Kiteman mh76dk4 years ago
They seem to have forgotten that the problem will not disappear as the seasons change, just move.

If they're lucky, part of the year will see the focal point moving into empty space above the buildings, but it will come back around again next year!

I think they ought to make a feature of the effect: build a permanent structure over the affected area, shading it from damage, and cover that structure in plumbing to provide free hot water to the properties affected.
Nostalgic Guy (author)  Kiteman4 years ago
I agree it would be good to make a feature of it but I think the idea of giving something away would be entirely alien to the kind of people who spend £270 million on a building, unless of course there was a tax break involved.
mh76dk Kiteman4 years ago
Yeah, though I was not obvious that was kinda what I was hinting at. Not knowing much about the subject I would suspect it to return, if not directly at the same spot then at least the same area - I wouldnt want to live across the street from such a death ray.

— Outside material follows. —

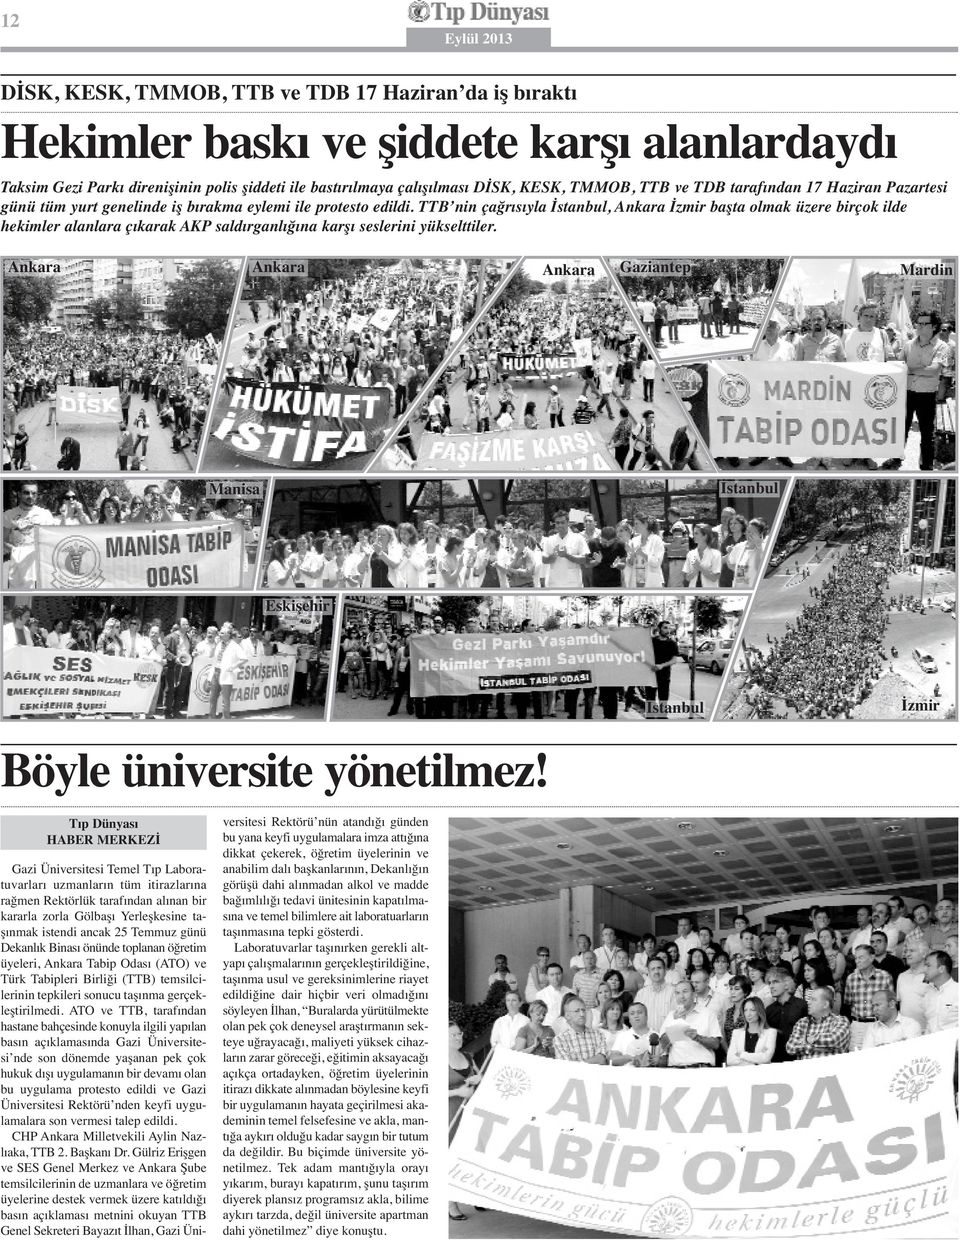 TTB nin çağrısıyla İstanbul, Ankara İzmir başta olmak üzere birçok ilde hekimler alanlara çıkarak AKP saldırganlığına karşı seslerini yükselttiler.

Putting it to good use either as something functional or even as an art-installation (possibly explaining the natural reason(s) behind the effect etc.) could work, but if the focal point moves around a lot that could prove difficult (I admit complete ignorance to the effect and any related physics and math :-)

I do keep thinking to myself that if this had been a private citizen i suspect they would have been forced to take it down in no time flat (yes, im having a "the man is out to get me"-moment).
kelseymh4 years ago
See this writeup in Physics World. The architect also designed the Las Vegas hotel Vdara, which has exactly the same problem: there's a whole section around the pool which has to be closed off for part of the day (I've been there, and got escorted out of the zone) because guests were getting burned.

So apparently the architect doesn't learn from his own mistakes.
Nostalgic Guy (author)  kelseymh4 years ago
Now that really is beyond belief, I can understand the desire to build something that is different & eye catching but why on earth would you revisit a design that has already proved to be flawed? surely he could at least have put the concave side away from the sun.
You'd think folk would check references...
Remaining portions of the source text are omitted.